## Excerpted records

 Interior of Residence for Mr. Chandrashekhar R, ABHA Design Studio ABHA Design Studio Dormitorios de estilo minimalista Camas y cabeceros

* * *

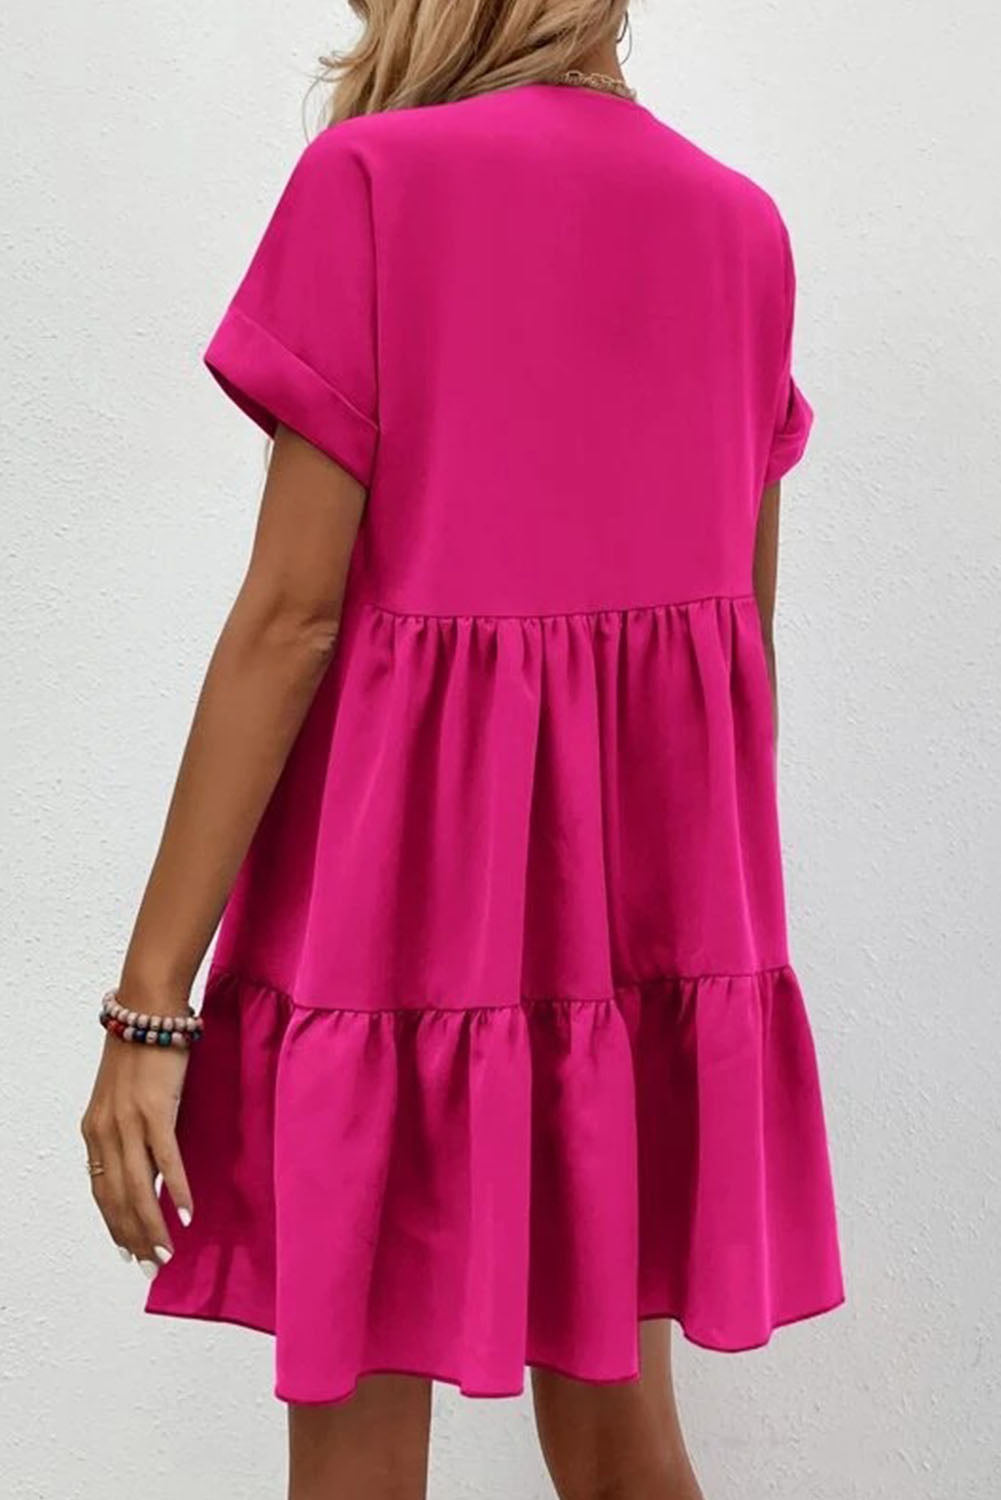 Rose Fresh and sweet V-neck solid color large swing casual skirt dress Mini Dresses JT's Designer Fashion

---

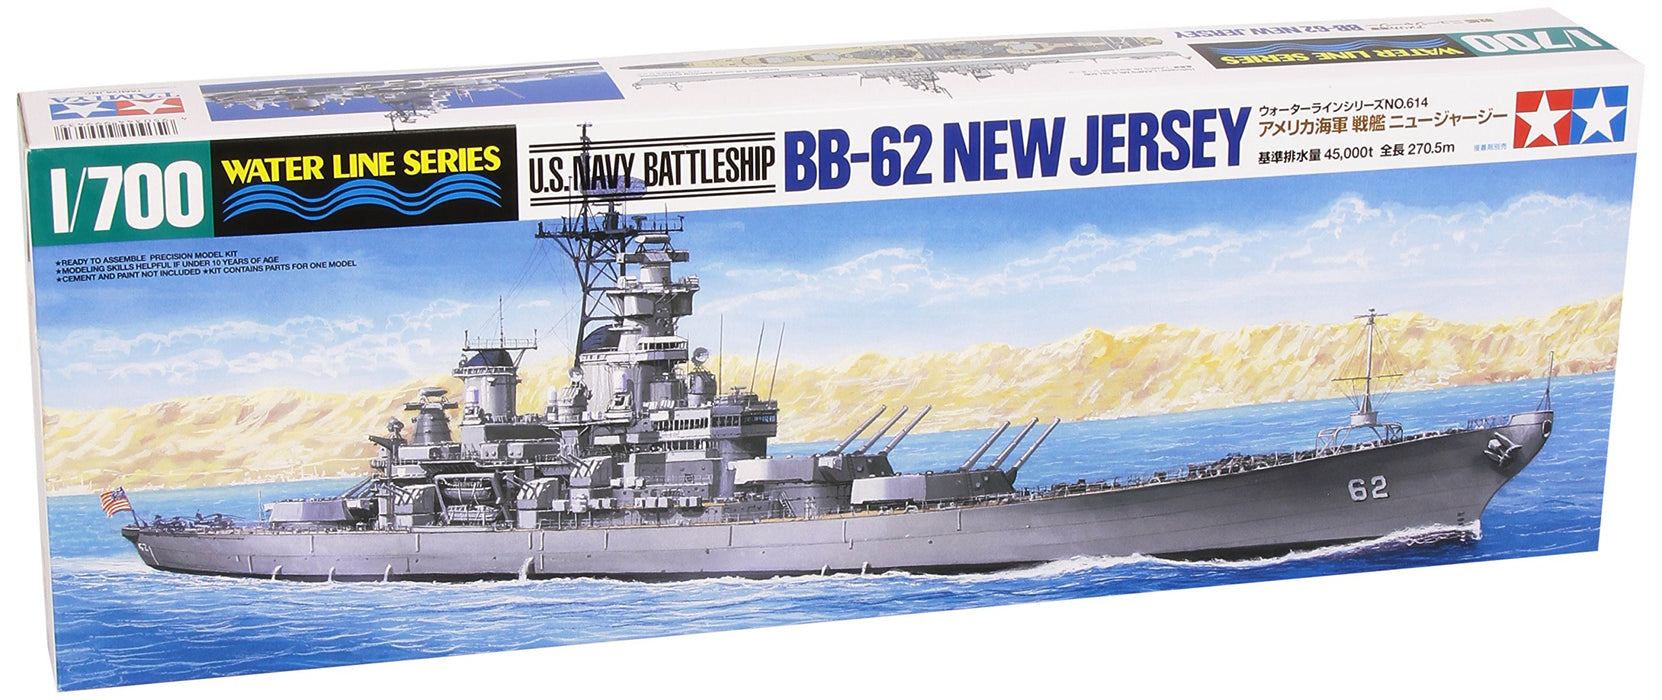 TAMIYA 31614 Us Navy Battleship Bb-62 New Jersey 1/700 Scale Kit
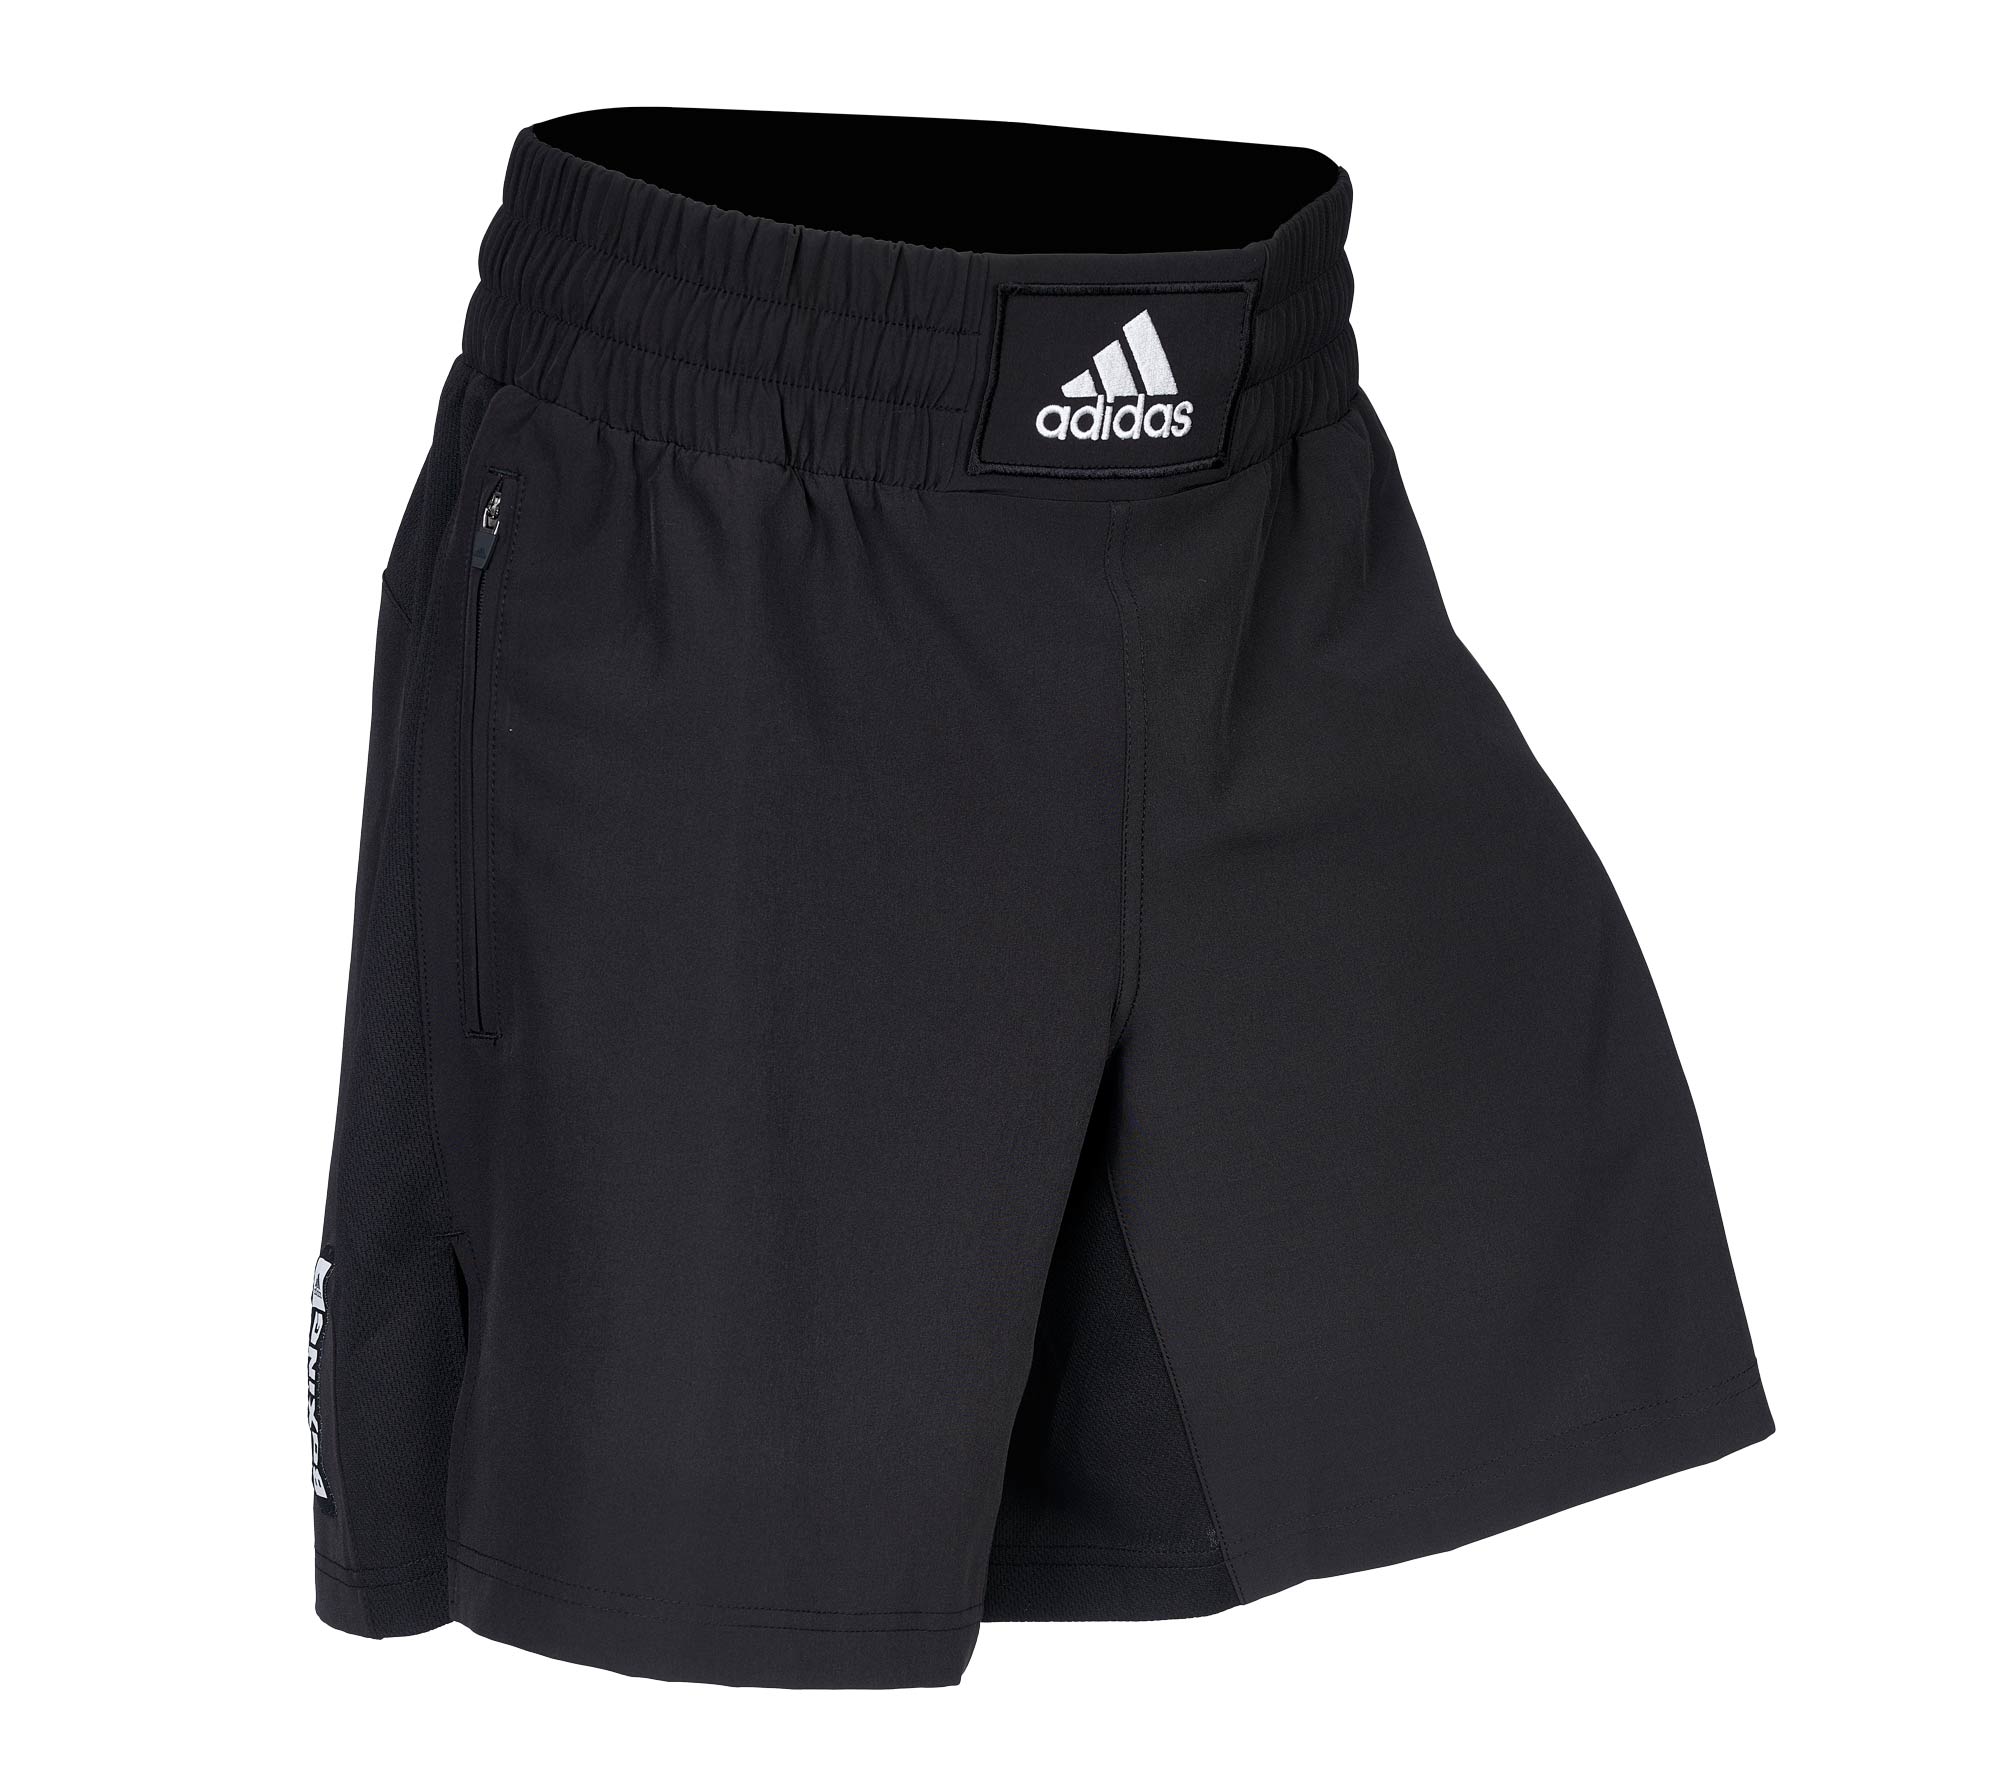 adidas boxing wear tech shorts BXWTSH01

## Work to complete
Skip every picture, and restate word for word only the lines above from the line containing "TAMIYA 31614 Us" to the line containing "adidas boxing wear tech shorts BXWTSH01", both of them included.

## Answer section
 TAMIYA 31614 Us Navy Battleship Bb-62 New Jersey 1/700 Scale Kit
 adidas boxing wear tech shorts BXWTSH01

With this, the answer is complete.